In order to facilitate compliance with the wider Federal regime, the DFSA has issued a list of requirements as a reminder to relevant persons. This is inclusive of guidance on the identification and verification of beneficial owners, freezing assets, training and awareness as well as the preparation of AML reports. The DFSA has also issued additional guidance to provide clarity and assist relevant persons to understand their expectations resulting from certain provisions.
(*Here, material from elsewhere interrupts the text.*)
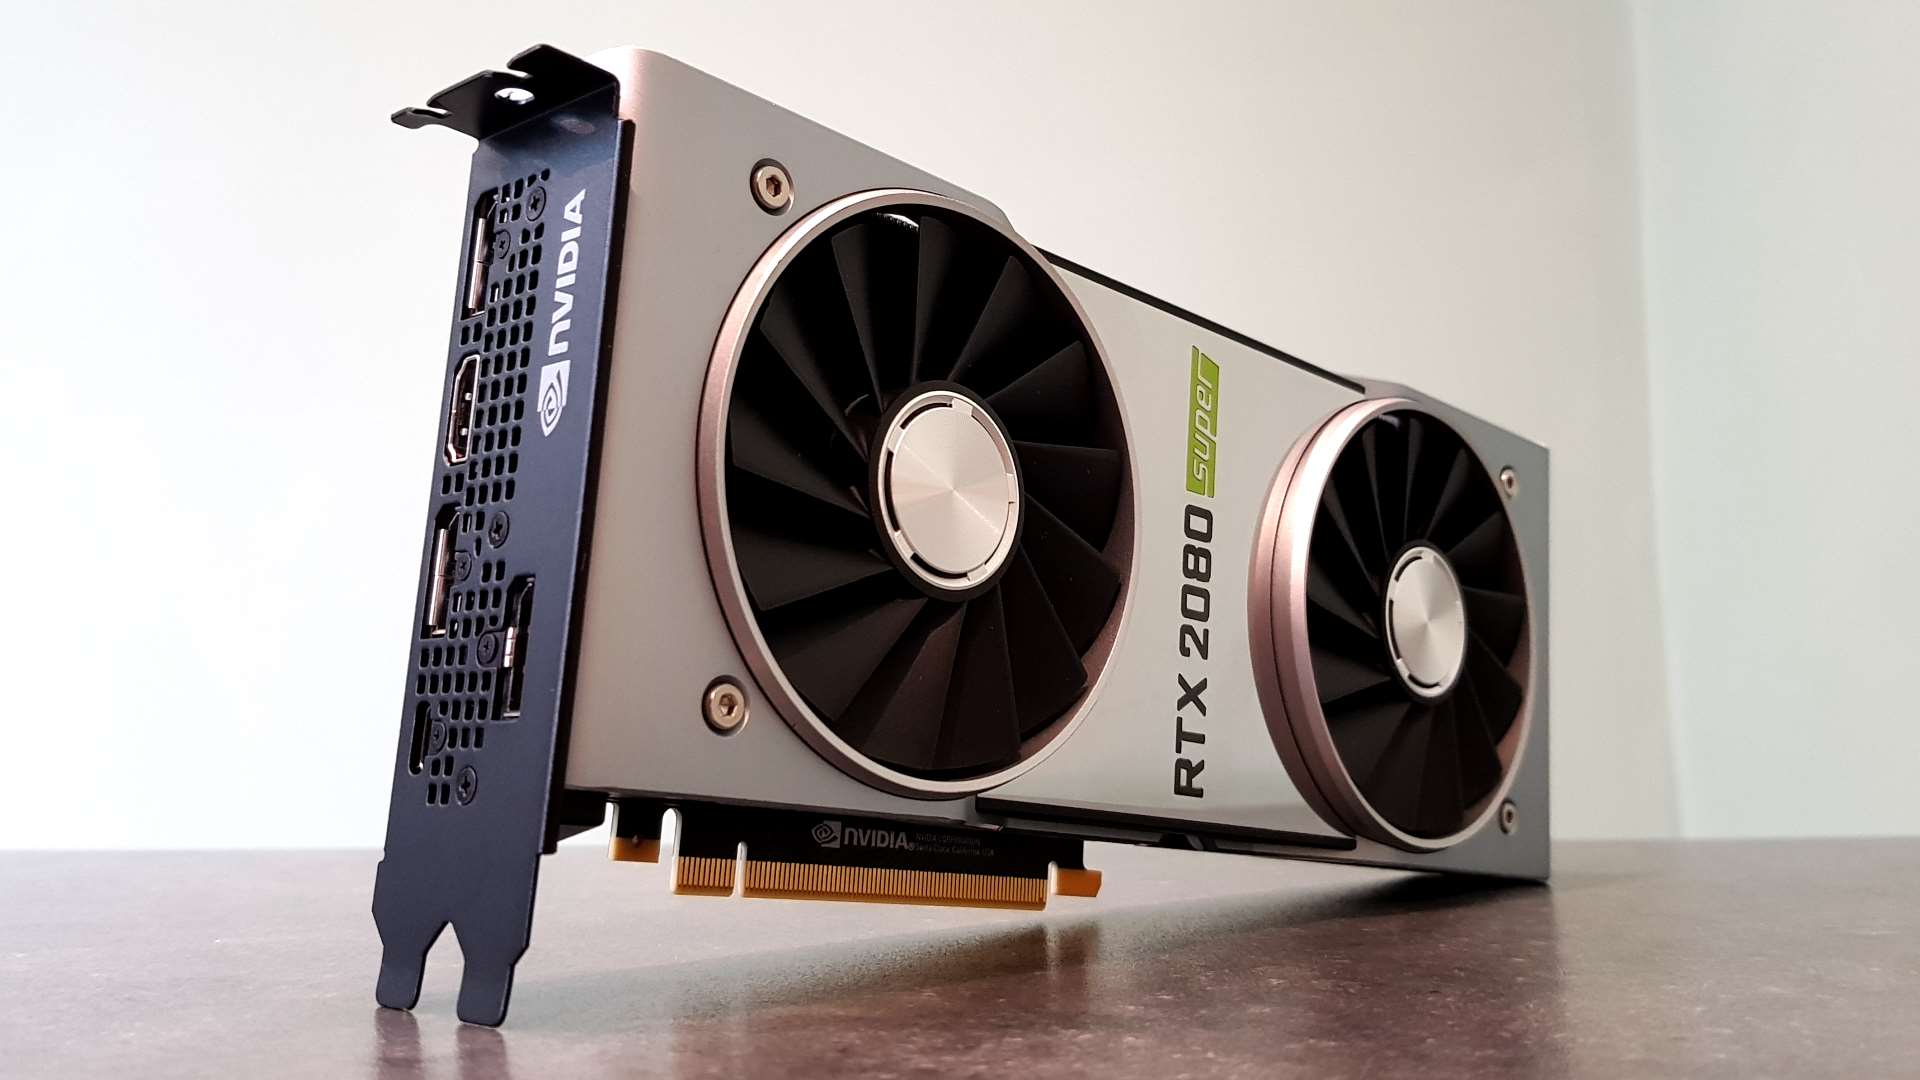 Nvidia RTX 2080 Super review: the 2070 Super has stolen its Turing

This includes guidance on low risk customers, tax issues and understanding and verification of the source of wealth and the source of funds.

The DFSA has also removed the prescribed low risk customer (PLRC) categorisation and related provisions so as to align it with the Federal AML legislation and the Financial Action Task Force (FATF) recommendations. Accordingly, the characteristics of the PLRC definition are now covered by newly issued guidance on low risk customers.

For their financial year ending in 2016, DFSA Authorised Firms must complete and submit their annual AML Return forms within four months of their financial year end. For the 2017 calendar year, AML Return forms must be submitted by the end of September 2017 and the return must cover the period from 01 August 2016 until 31 July 2017.

Capital requirements

The Prudential - Investment, Insurance Intermediation and Banking (PIB) Module of the DFSA Rulebook has now been amended with regards to the capital requirement for fund managers. Firms which only undertake the regulated financial activity of "Managing a Collective Investment Fund", which falls within a DFSA prudential Category 3C license, will now only require a "Base Capital Requirement" of US$140,000 for managing a public fund or US$70,000 for managing any other collective investment fund - as opposed to the standard DFSA prudential Category 3C "Base Capital Requirement" of US$500,000. However, the capital requirement for a Category 3B, 3C and 4 license continues to be the higher of the applicable "Base Capital Requirement" or the applicable "Expenditure Based Capital Minimum" (which for Category 3C continues to be calculated at 13/52 of the "Annual Audited Expenditure" where no "Client Assets or Insurance Monies" are being held).

Conclusion

In conclusion, firms should conduct reviews at regular intervals to make certain that they fully comply with and have the correct authorisations on their licences for the financial service activities they undertake in or from the DIFC. All DFSA Authorised Firms should ensure that their business activities are carried on in accordance with the applicable laws and rules.

This document (and any information accessed through links in this document) is provided for information purposes only and does not constitute legal advice. Professional legal advice should be obtained before taking or refraining from any action as a result of the contents of this document.